[What the task requires] From the line containing "Noted for her" to the end of the records, print every line exactly, both ends included, and leave out the pictures.

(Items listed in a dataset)
*-*-*

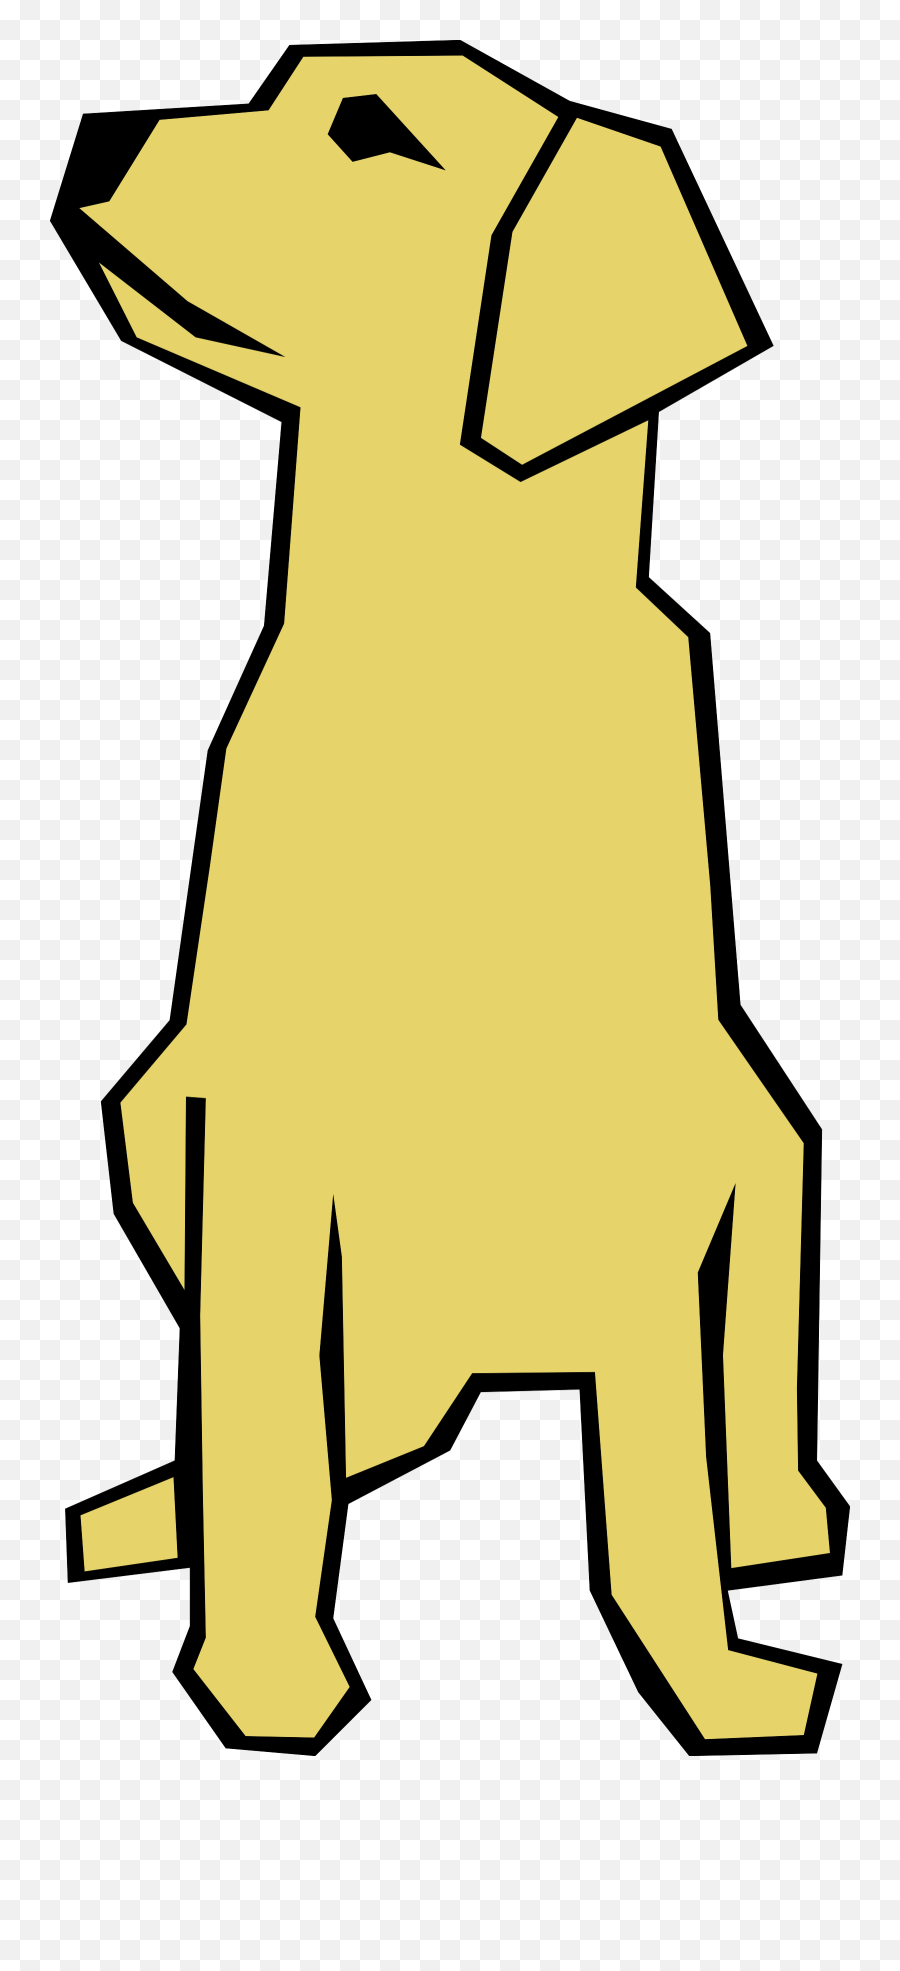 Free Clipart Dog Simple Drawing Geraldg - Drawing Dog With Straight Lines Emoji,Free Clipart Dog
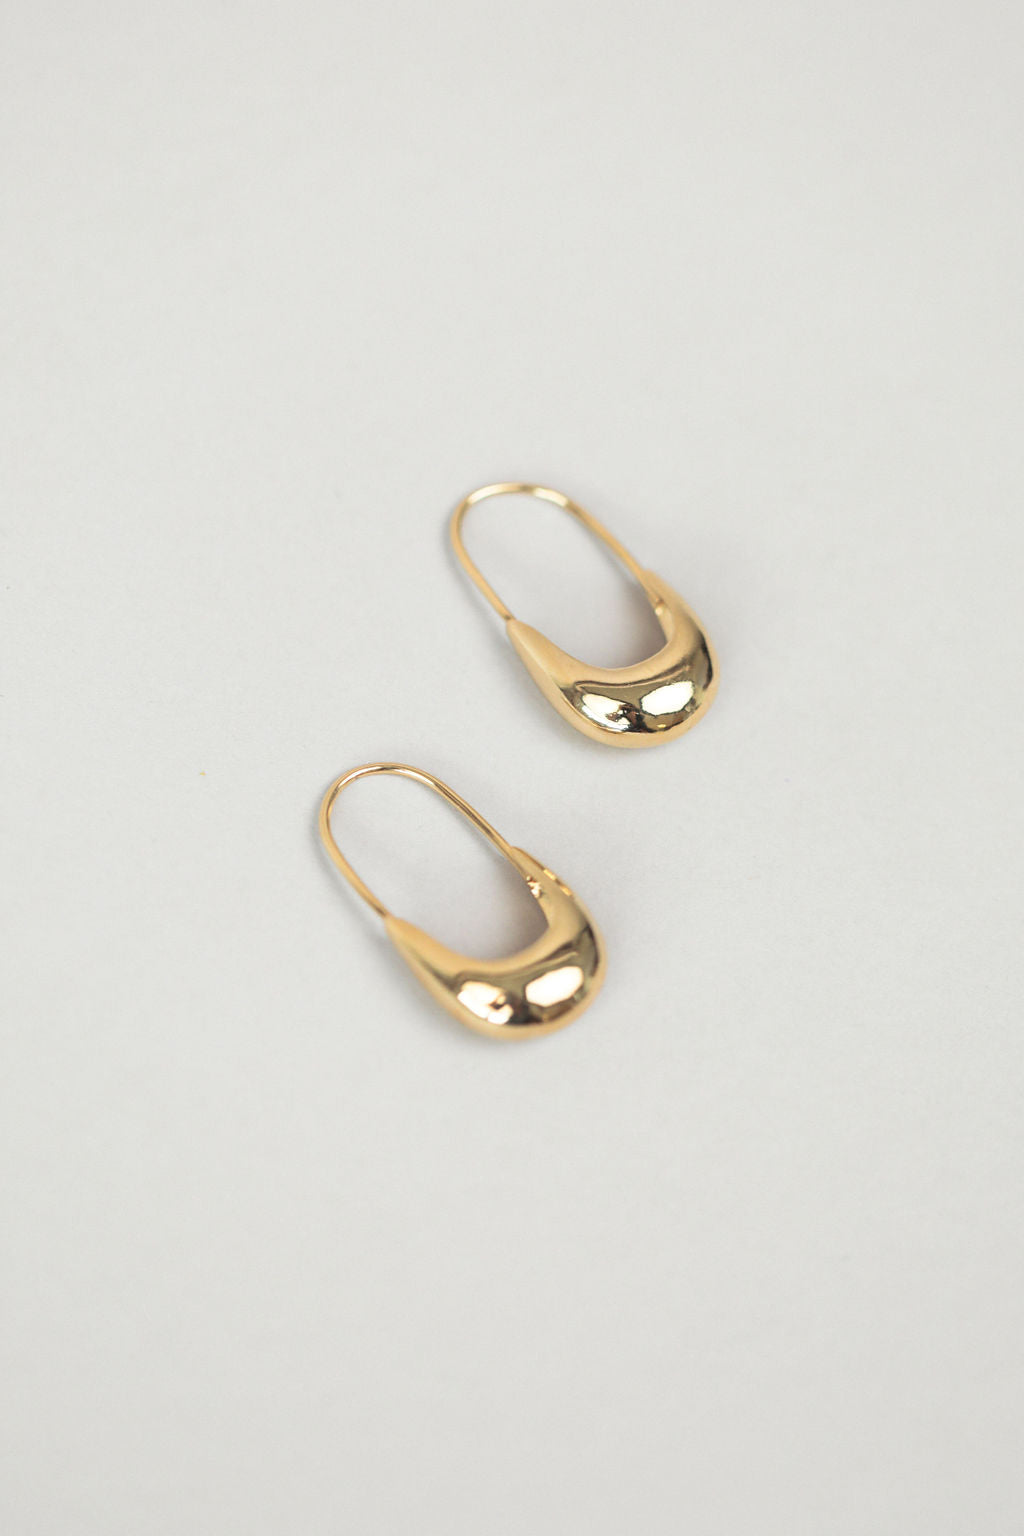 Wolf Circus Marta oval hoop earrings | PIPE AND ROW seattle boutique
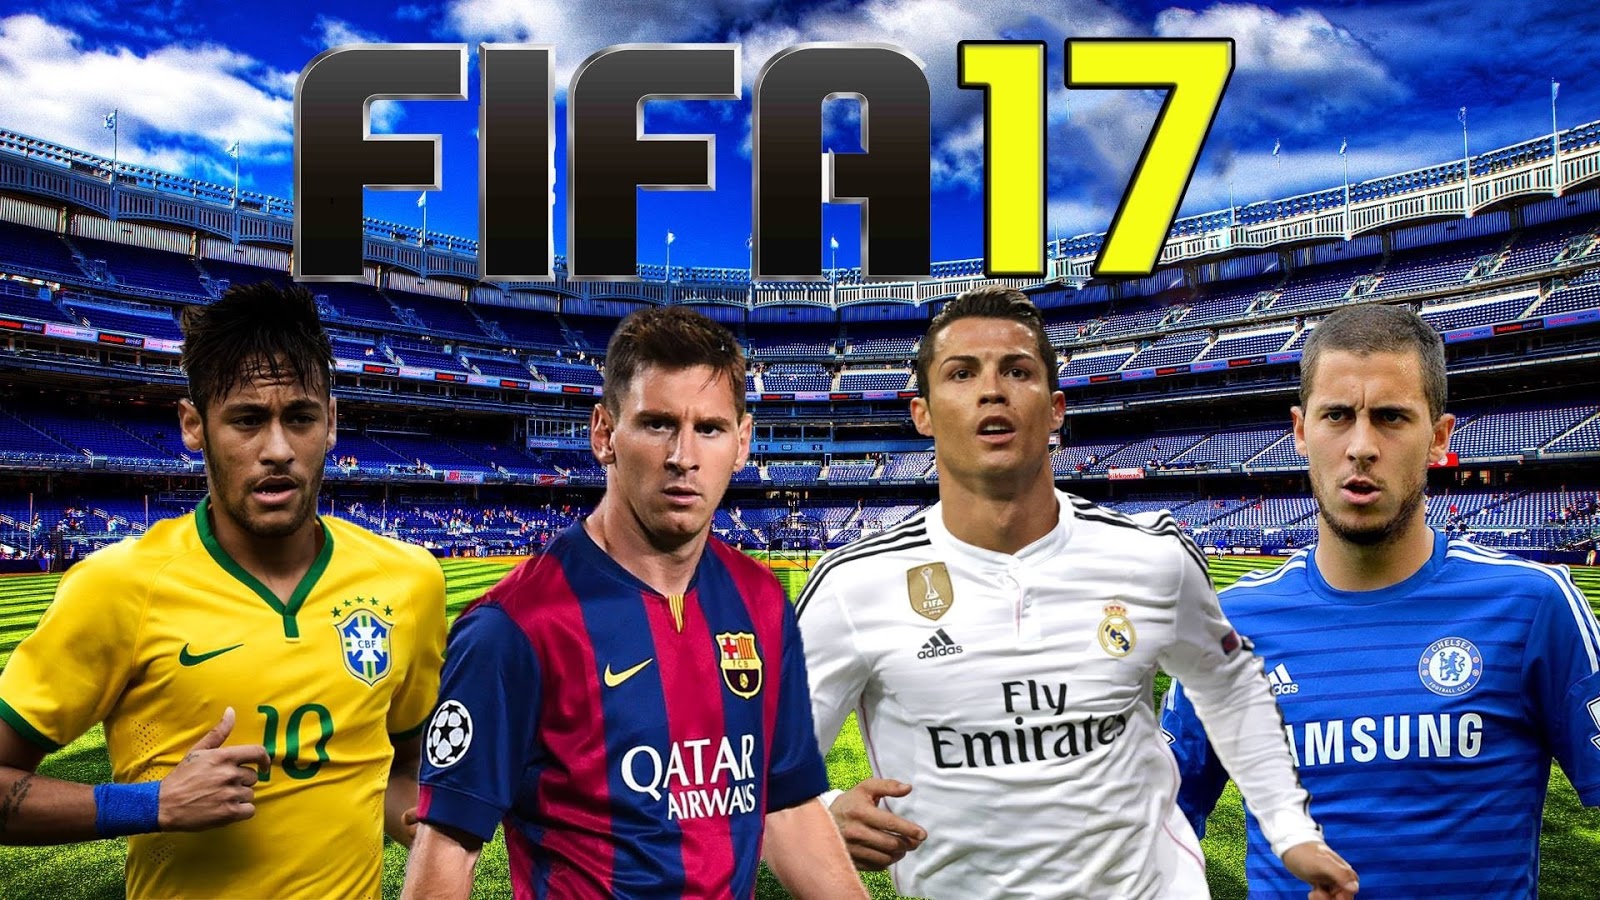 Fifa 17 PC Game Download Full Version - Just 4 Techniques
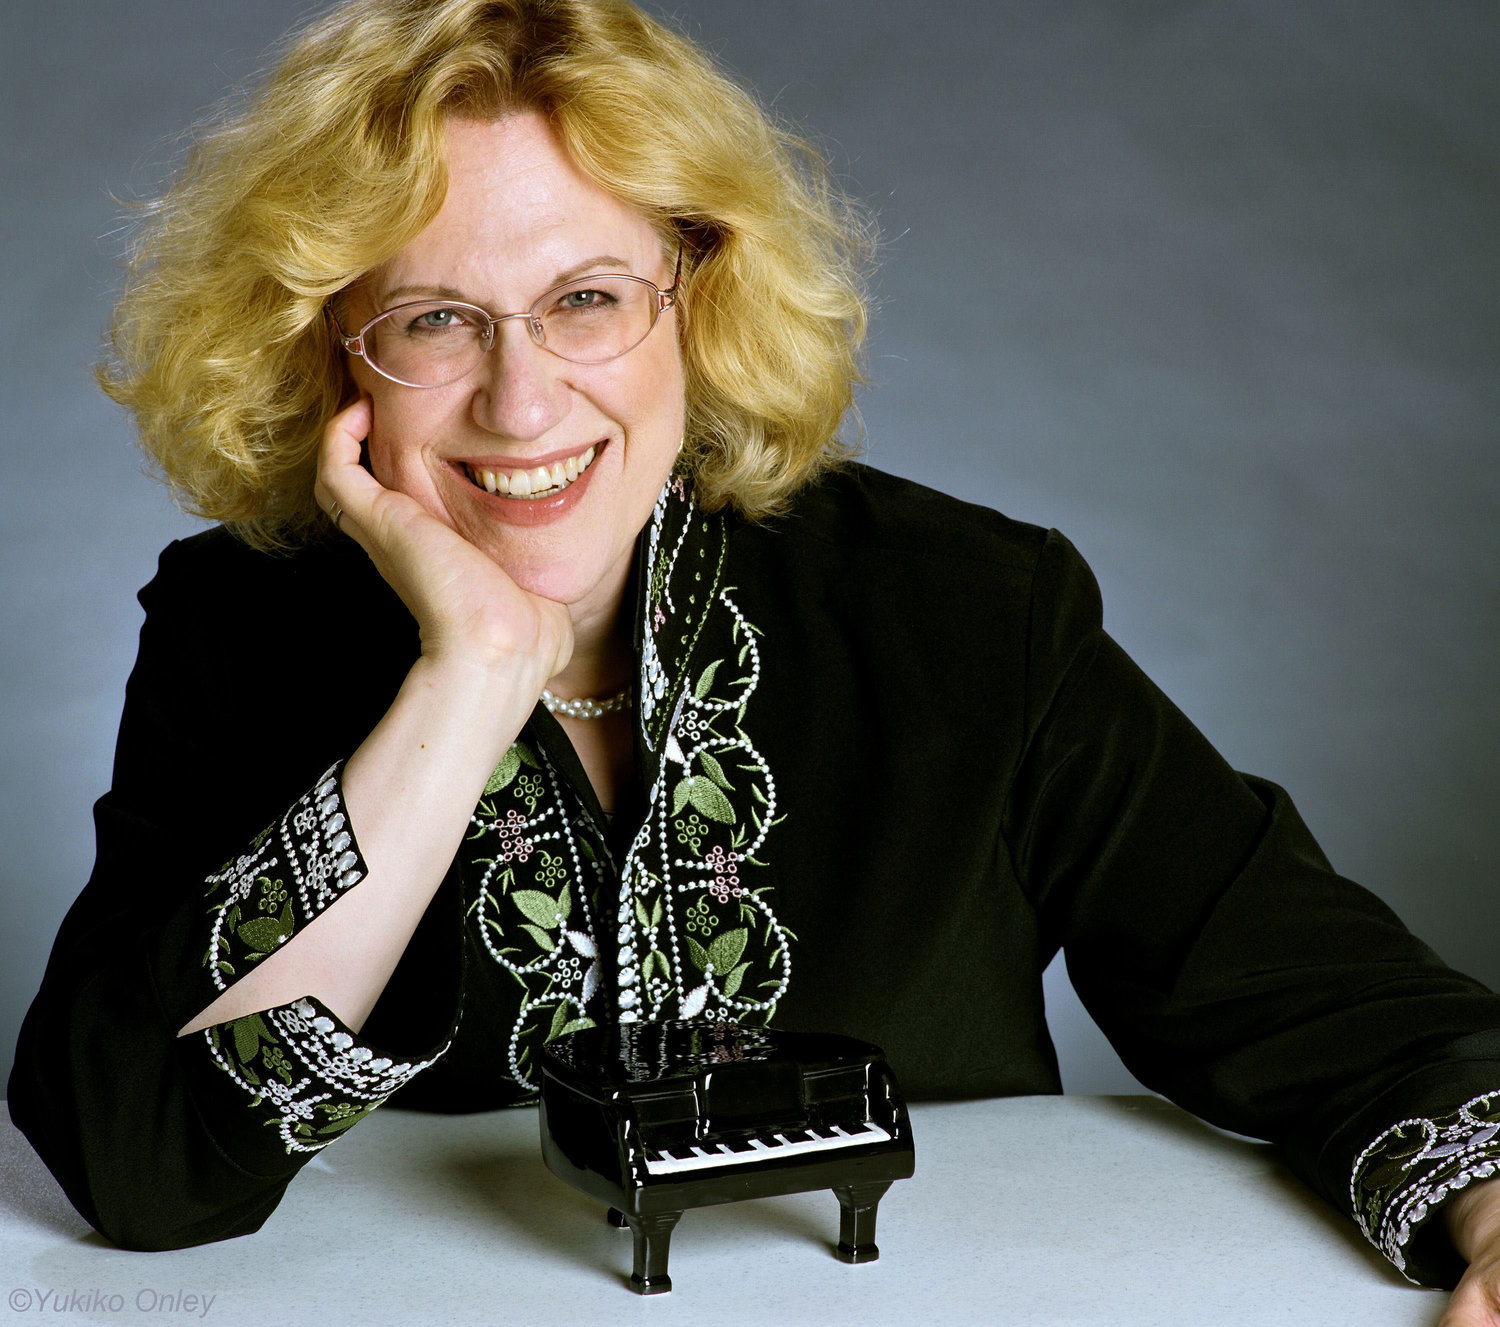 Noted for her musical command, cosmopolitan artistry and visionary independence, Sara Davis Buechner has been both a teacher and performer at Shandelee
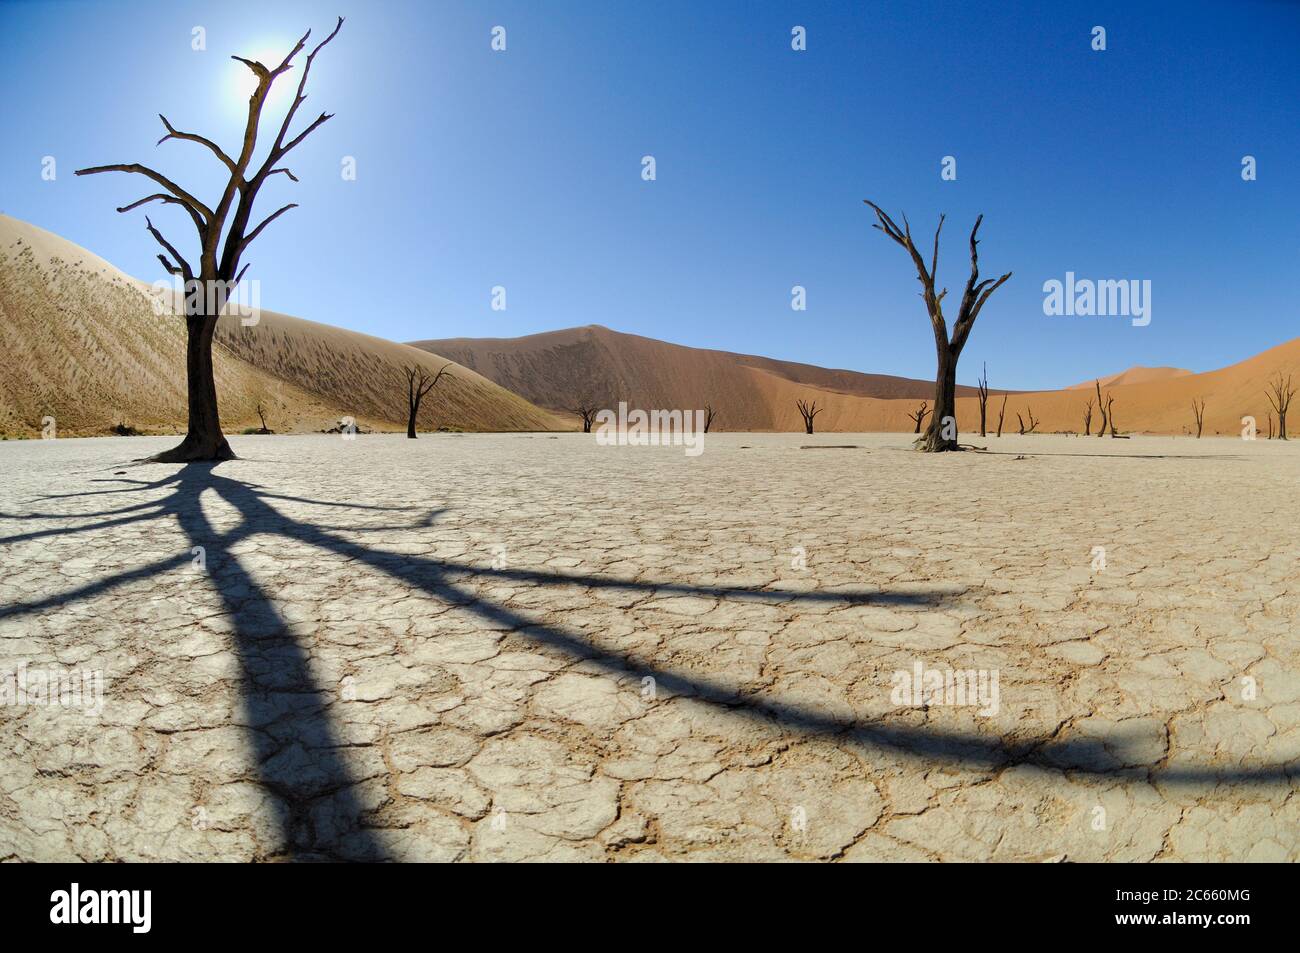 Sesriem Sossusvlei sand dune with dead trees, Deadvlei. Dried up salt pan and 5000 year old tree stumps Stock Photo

*-*-*

[Solved problem]
 Noted for her musical command, cosmopolitan artistry and visionary independence, Sara Davis Buechner has been both a teacher and performer at Shandelee
 Sesriem Sossusvlei sand dune with dead trees, Deadvlei. Dried up salt pan and 5000 year old tree stumps Stock Photo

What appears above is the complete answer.